Your task is to determine how many swap operations Ultra-QuickSort needs to perform in order to sort a given input sequence.
Input
The input contains several test cases. Every test case begins with a line that contains a single integer n < 500,000 -- the length of the input sequence. Each of the the following n lines contains a single integer 0 ≤ a[i] ≤ 999,999,999, the i-th input sequence element.

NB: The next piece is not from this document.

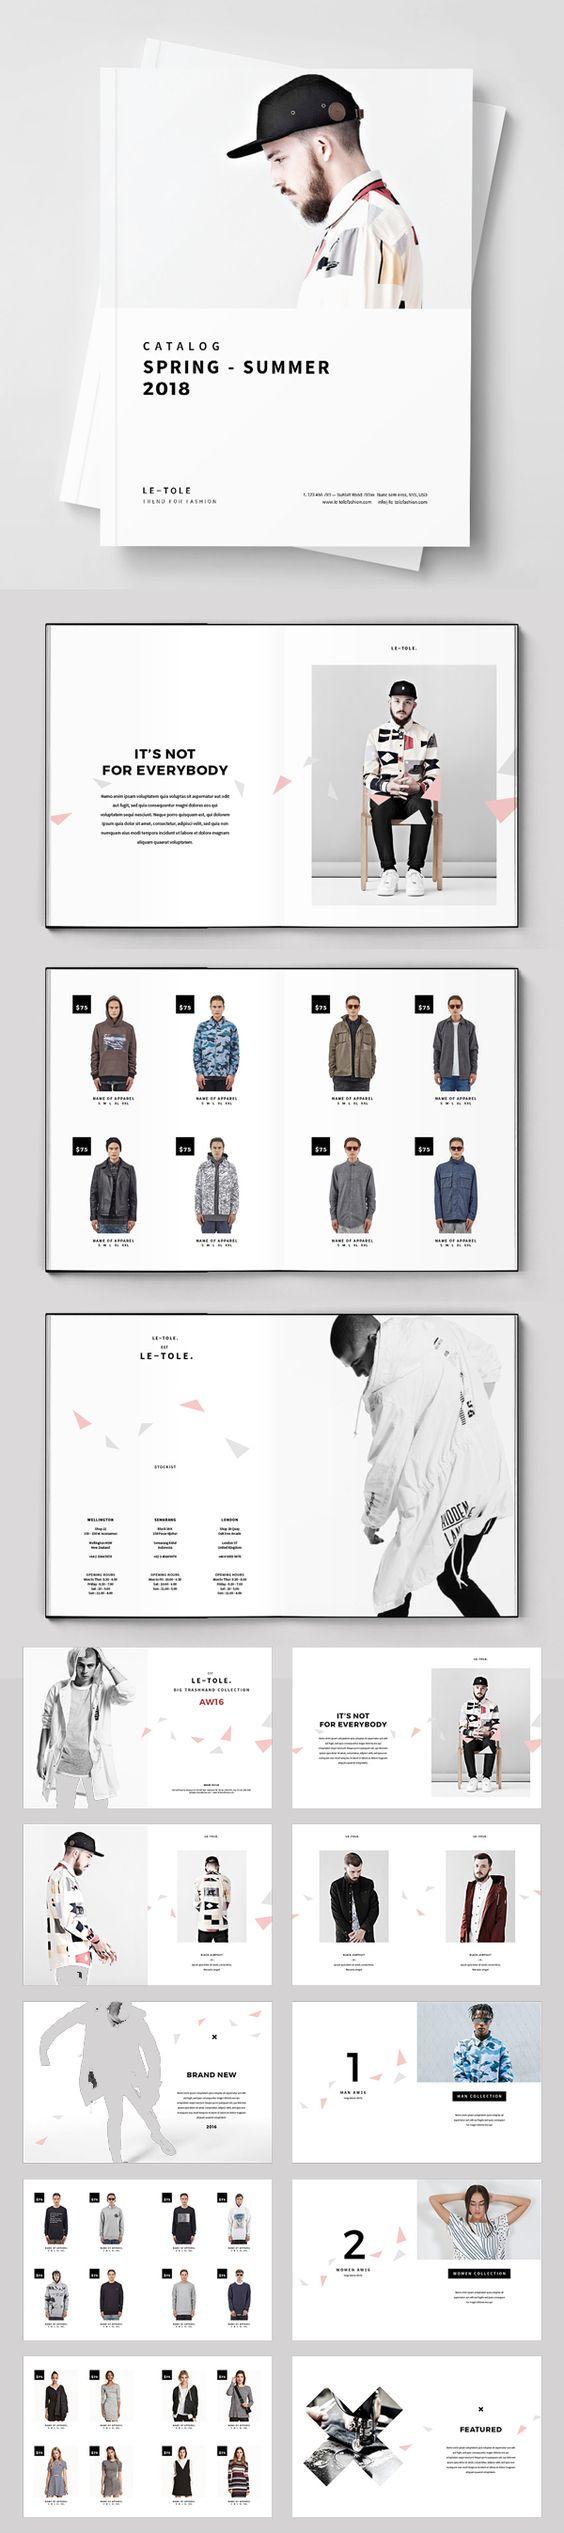 folleto producto 3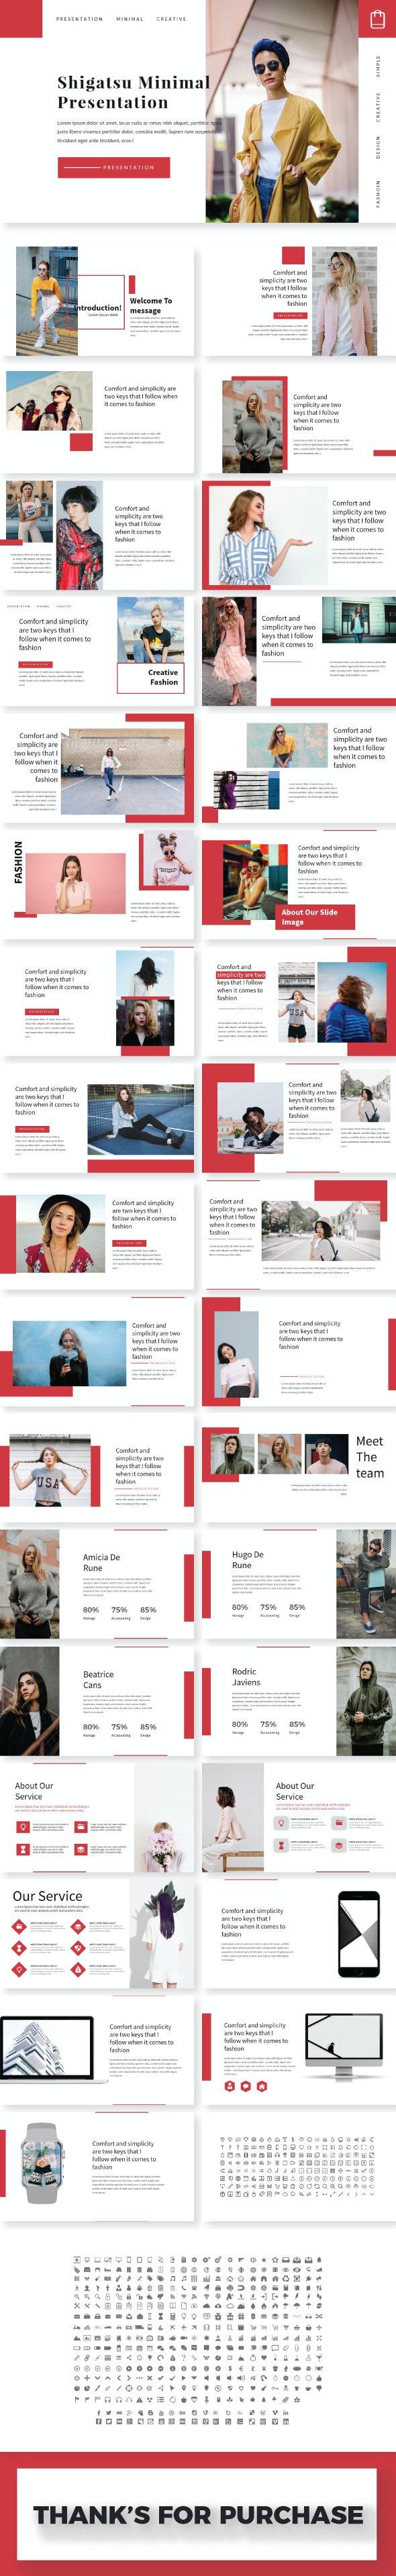 Shigatsu Presentation Template - Creative PowerPoint Templates

Input is terminated by a sequence of length n = 0. This sequence must not be processed.
Output
For every input sequence, your program prints a single line containing an integer number op, the minimum number of swap operations necessary to sort the given input sequence.
Sample Input
5
9
1
0
5
4
3
1
2
3
0
Sample Output
6
0
根据题意,其实就是求逆序数;
思考:若是直接暴力扫描,复杂度为O(n^2),假如数据过大,会TLE,所以考虑用分治的思想,将区间一分为二考虑,那么
总区间的逆序数就为分开后的左区间里的逆序数,右区间里的逆序数和左右区间比较产生的逆序数三者之和,在左右区
间里的逆序数可以递归求得(顺便将区间排好序),而对于逆序数分别由左区间和右区间构成的数构成,我们则枚举右区
间的数,统计左区间比他大的数字,累加起来就好了。
#include<iostream>
#include<cstring>
using namespace std;
int vec[500050];
int temp[500050];
long long ans=0;//计数尽量用long long 好几次就因为int 错了;
void slove(int left,int mid,int right){
int i=left;
int j=mid;;
int n=mid+1;
int m=right;
int k=0;
while(i<=j && n<=m){
if(vec[i]>vec[n]){
ans+=mid-i+1;//记录左区间的数字有多少大于右边的数字;
temp[k++]=vec[n++];
}
else{
temp[k++]=vec[i++];
}
}
while(i<=j){
temp[k++]=vec[i++];
}
while(n<=m){
temp[k++]=vec[n++];
}
for(int i=0;i<k;i++){
vec[left+i]=temp[i];
}
}
void msort(int left,int right){
if(left<right){
int mid=(left+right)/2;
msort(left,mid);
msort(mid+1,right);
slove(left,mid,right);
}
}
int main(){
int n;
while(cin>>n,n){
ans=0;
memset(vec,0,sizeof(vec));
memset(temp,0,sizeof(temp));
for(int i=0;i<n;i++){
cin>>vec[i];
}
msort(0,n-1);
// for(int i=0;i<n;i++){
// cout<<vec[i]<<" ";
// }
cout<<ans<<endl;
}
return 0;
}